Вечер сгущался, смуглым туманом переваливал через раму, сгребая по пути в черноту предметы, подступал со всех сторон к журнальному столику со старинным абажуром, льющему
мягкий малиновый свет. За столиком, сидя в уютном потертом кресле, сидел Назар, пил вечерний кофе, мелкими долгими глотками, словно вечер обещался быть бесконечным. Темнота заволокла окно, покрыла отрезами черного бархата зал, и лизала туманными щупальцами Назаровы тапочки, хватая смутным сквозняком его голые худощавые ноги под банным халатом. Назар ежился и быстрее мешал мельхиоровой ложечкой кофе, любуясь маленьким водоворотом в чашечке. Кофе был ненастоящим, и мешать его можно было сколько угодно, не боясь зернистого осадка во рту.
- Когда же она придет? – подумал Назар и грустно уронил тень мигнувших ресниц на щеку. И почти в ту же секунду вжался в кресло. ОНО возникло быстрее, чем длится звук щелчка между большим и средним пальцами - квартира онемела - стены не говорили голосами соседей, полы не хрустели суставами и стерлись шаги на лестничной клетке. Назар побледнел лицом и одеревенел конечностями. Негнущимися пальцами он поставил чашечку сильно на край, отчего чашечка кувыркнулась и упала на пол, разбившись очень симметрично на две половинки, и словно кровью кофеем истекла на ковер.
Назар прислушался.

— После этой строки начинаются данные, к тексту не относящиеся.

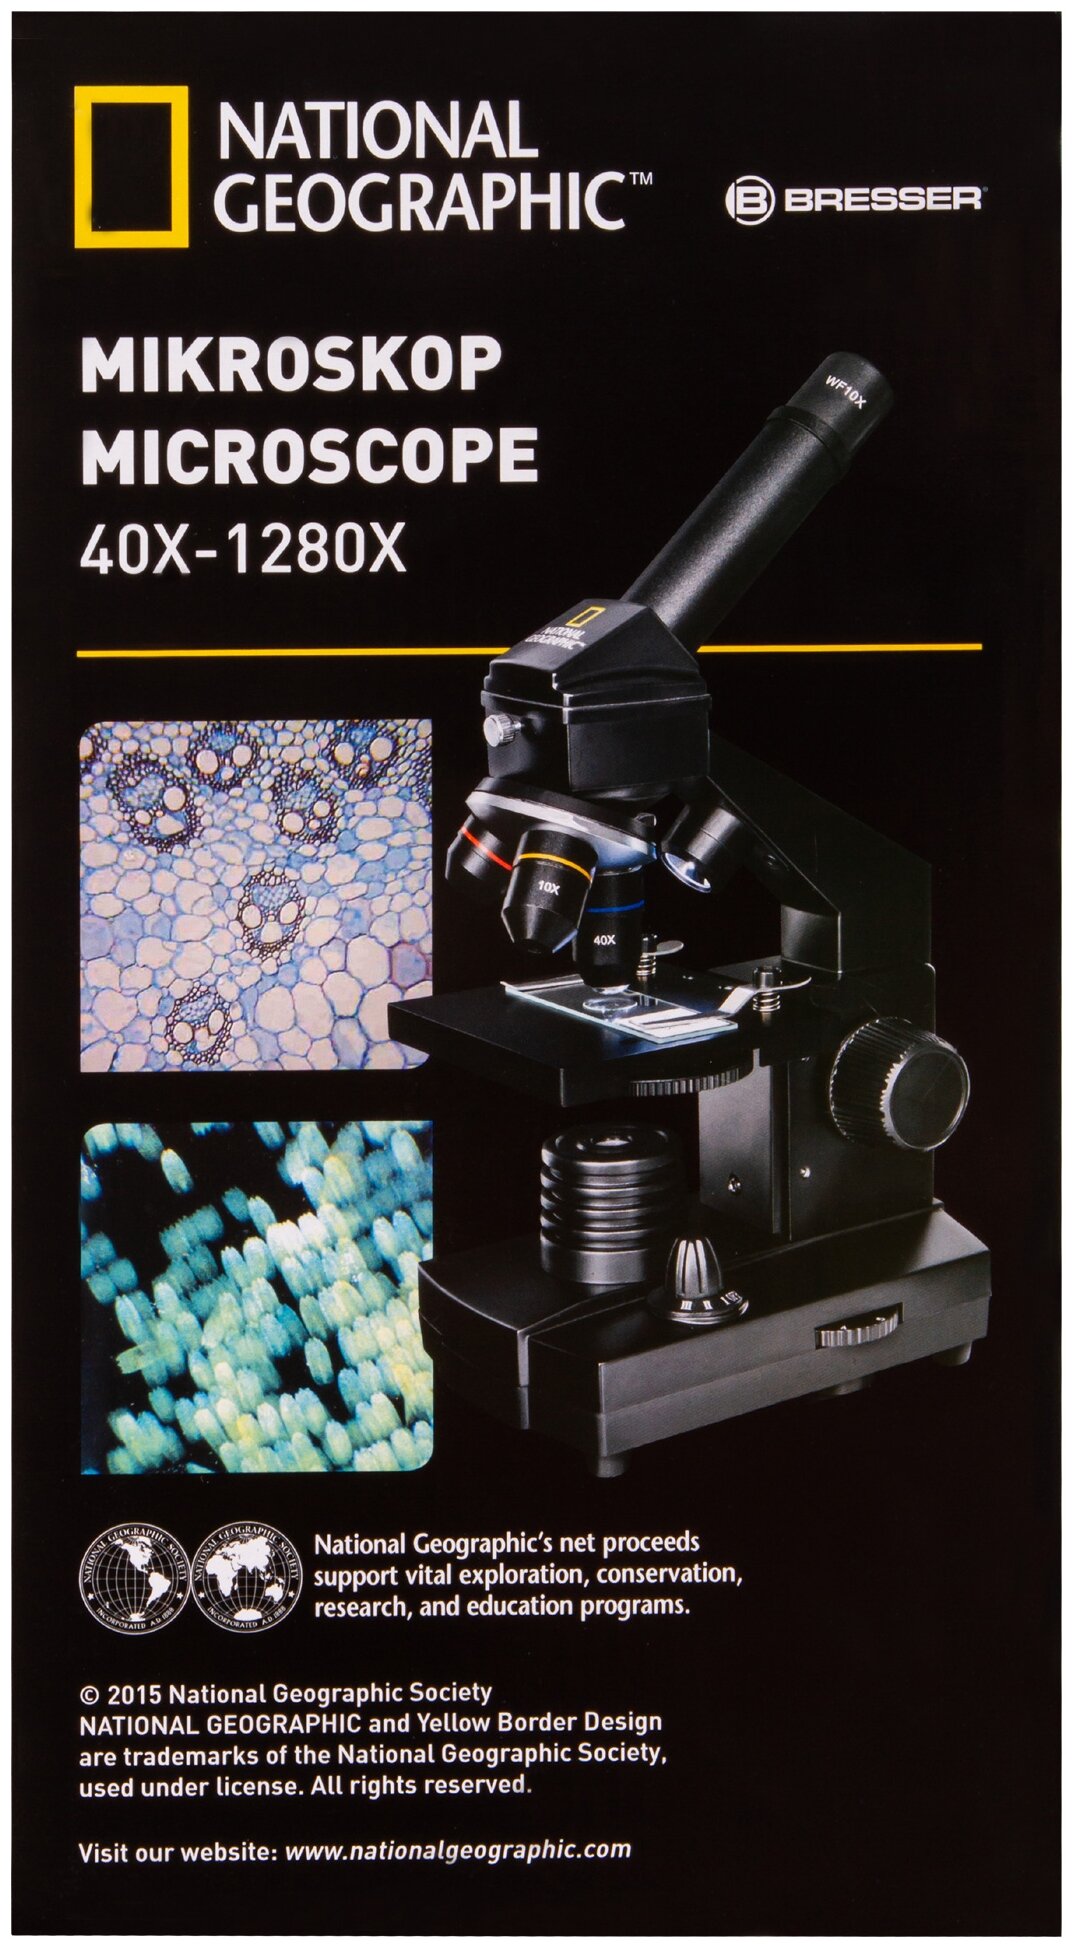 Bresser Микроскоп National Geographic 40x-1280x с держателем для смартфона. Цвет: черный

Оно ходило в дальней комнате… а может и ближе… неслышно, но очень атмосферно, прессуя воздух в комья свинца, что застревали у Назара в горле.
- Этого не может быть… - подумал Назар – просто не может…
Совсем близко, полосуя сознание, кто-то засмеялся.
Назар вскочил, воткнул вилку в электричество, и динамики раздвоили квартиру, от басов задрожали потолки. Но Оно не ушло, тянуло к Назару руку, проникая в незаживающую дыру между ребрами сумасшедшим смехом.
Назар упал на колени в мокрое ковровое пятно, закрыл глаза и зашептал, сбиваясь «Отче Наш». Но смех попривык к этой молитве, и сквозь дыру добрался до Назарова сердца, корябнул его коготком.
И тут в замочную скважину вонзился ключ, вошла мама, полыхнула светом, дернула вилку магнитофона из сети.
- Назар, ведь ночь уже… соседи… – повела нахмуренной бровью.
И Оно пропало. Развалилось на куски, так и не добравшись до сердца. Назар протянул худую свою ладошку под малиновый свет абажура, и долго глядел на нее, словно выискивая ту черточку - мизерное свернутое пространство, откуда так часто выходит к нему это сумасшествие, гадая как долго Оно еще его будет мучить.
Пахнуло Хармсом, особенно где "Отче наш", но только пахнуло. Немного не лепится, т.к. стиль некоторых предложений не от этого рассказа. Это и не абсурд и не реализм и не детское и не взрослое, а так. ИМХО.